Again, I’m only three episodes in, so they could change this by end of the season, but thus far the show has remained blessedly vague about John’s profession. It’s relevant insofar as expository background for John’s discomfort with his family and his handy dandy survivor man skills. There’s also something charming about this character as the sort of bewildered husband of an astrophysicist (Maureen gets that role!) and father of two child prodigies. It’s a relief that the show makes no attempt to flesh out his military service because judging by Netflix’s other attempts to do so, it would be an un-researched train wreck.
Middle child Penny (Mina Sundwall, #Horror) is a delight. She’s the only Robinson child who takes after her father, favoring efficient problem solving (re: she’s a door kicker) and unfairly saddled with extraneous labor because she isn’t one of the family geniuses. Penny injects the Robinson clan with much-needed – if often as neglected as Penny herself – humor. I’m hoping they devote at least some time to the similarities between Penny and John, rather than focusing solely on all the ways John doesn’t relate to Judy or Will.

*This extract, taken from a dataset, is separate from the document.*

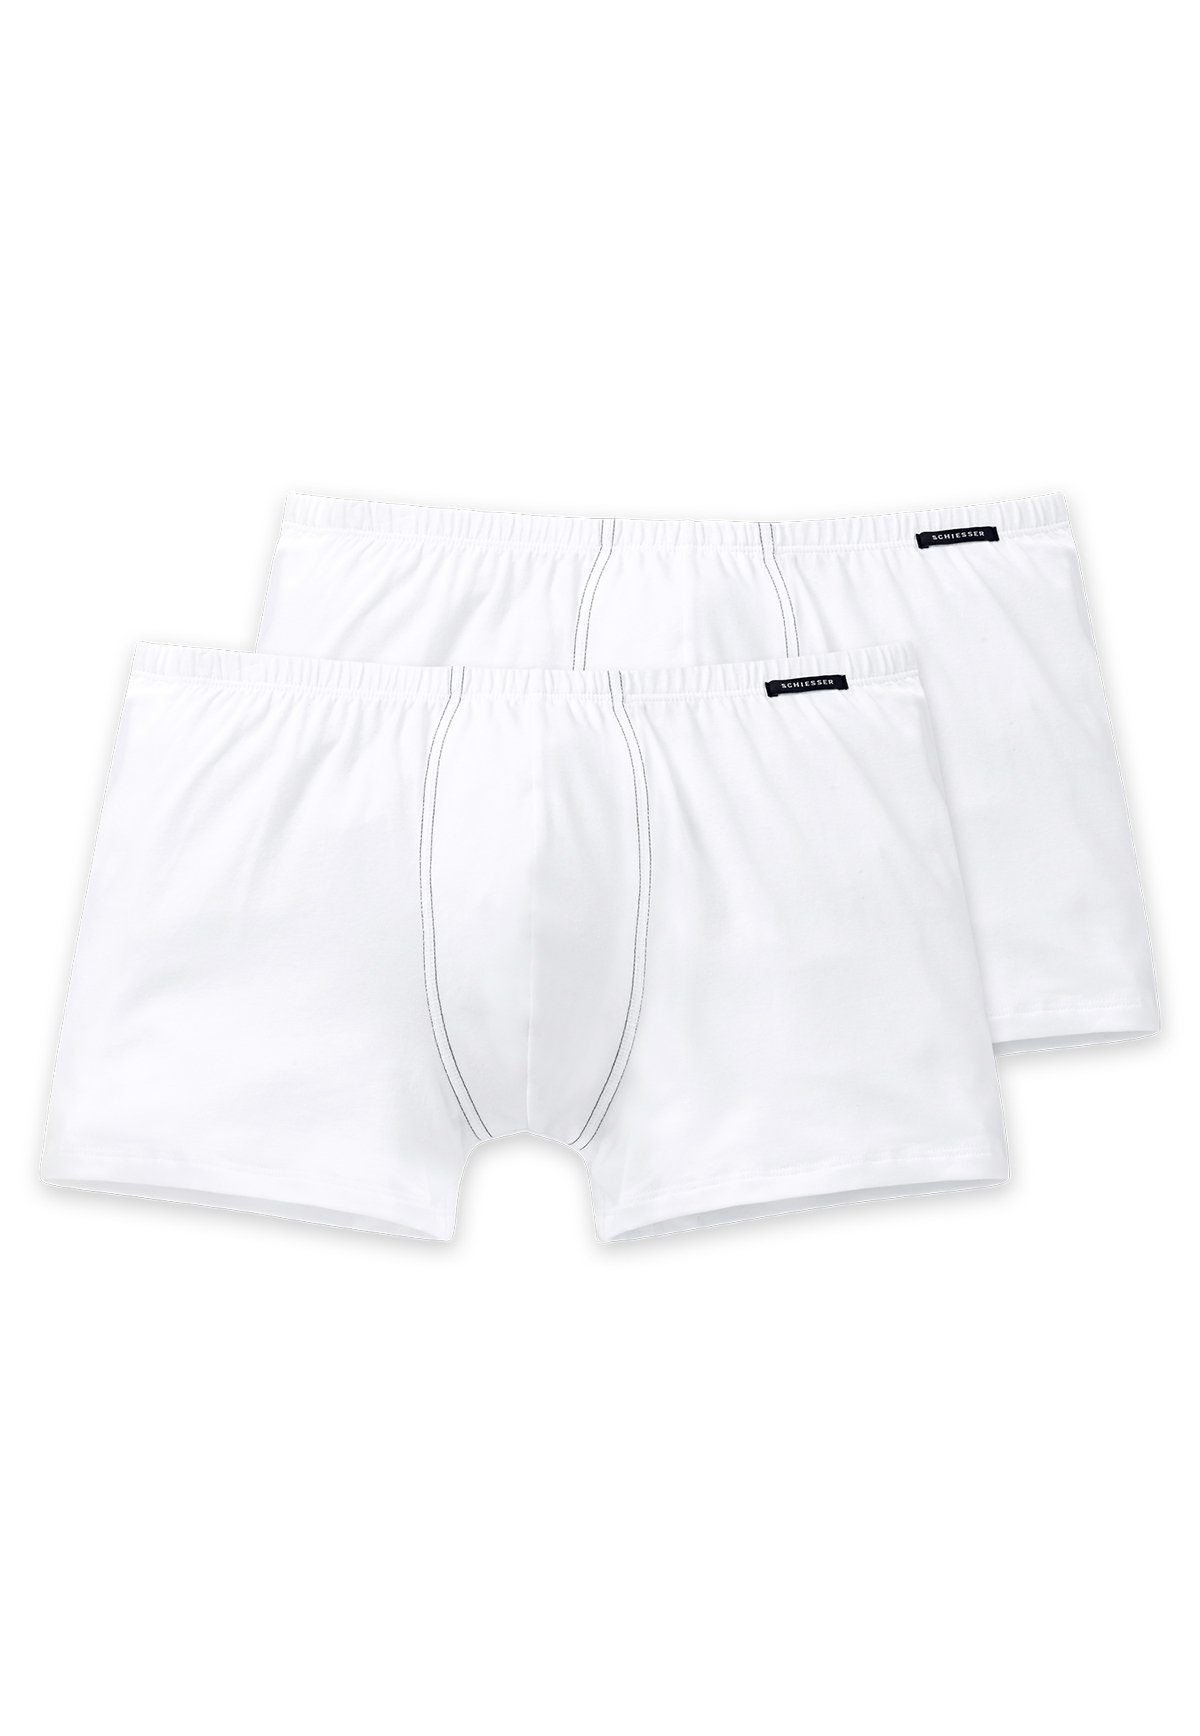 Wäsche/Bademode Boxershorts Schiesser Boxer Herren Shorts 2er Pack - Pants, Boxer, Essentials,
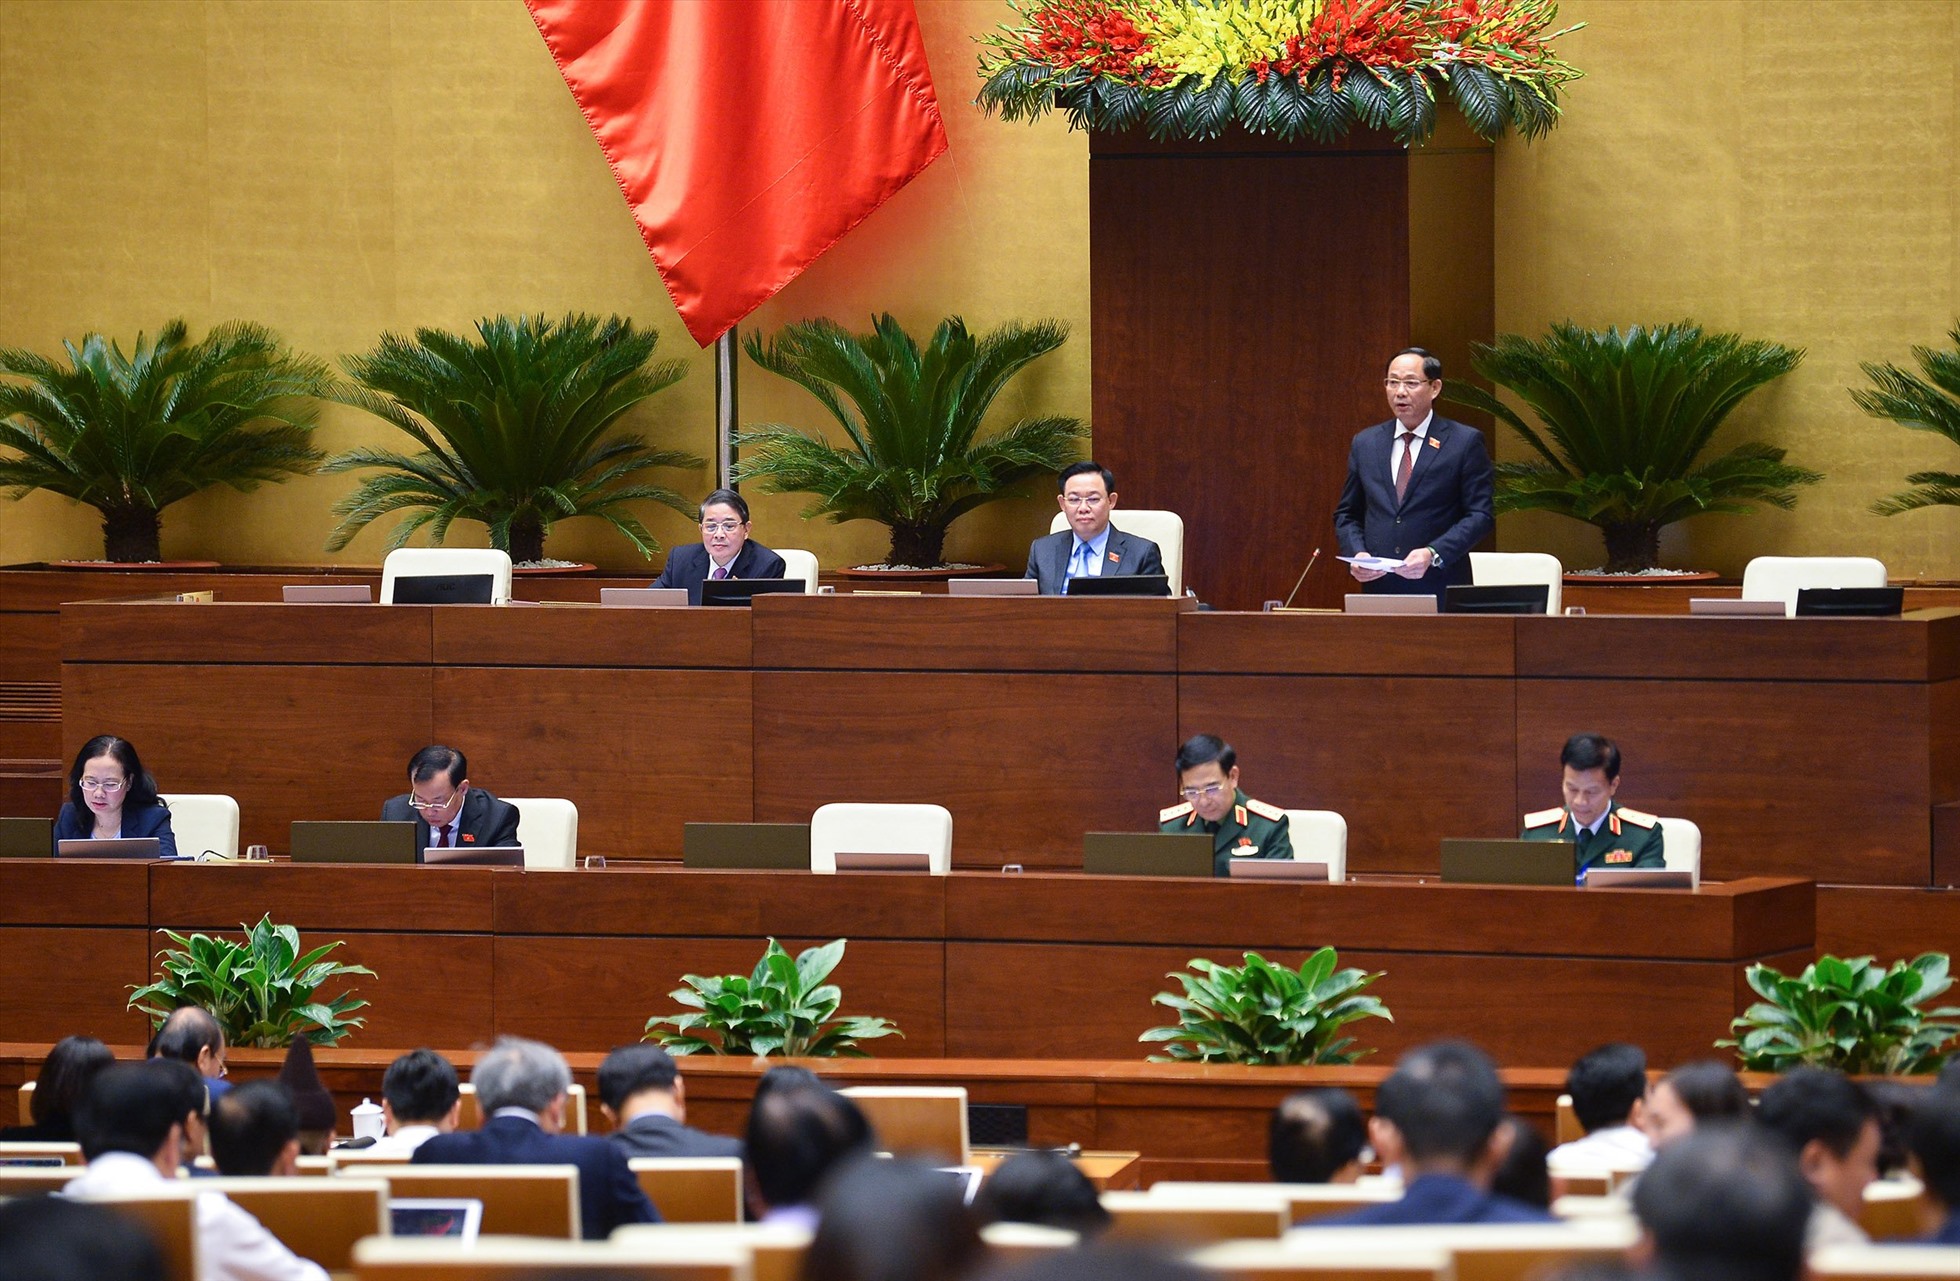 Phó Chủ tịch Quốc hội Trần Quang Phương điều hành nội dung thảo luận.

Finally, there’s “Dr. Smith.” It is so unusual for a show to feature a female villain who is this kind of non-sexualized sociopath. Posey makes Dr. Smith creepy in a way an older man fixating on a little boy can’t be because that can only be one flavor of creepy. In the space of three episodes, Will’s empathetic nature tapped into Robot and Smith, though it’s hard to say this early on which connection will prove to be more dangerous. Doing the right thing is certainly more difficult for Smith, who looks visibly sickened by how her new human connection with Will is inspiring brief moments of altruism. She is so engaging in her portrayal it’s difficult to look away whenever she’s on screen. Parker Posey is simply always fun to watch and I can’t wait to see the roller coaster she takes this character on for the next seven episodes.
It’s still early so my opinion of the series may change, but thus far Lost in Space is fun, exciting, and updated in enough ways to keep the story socially relevant.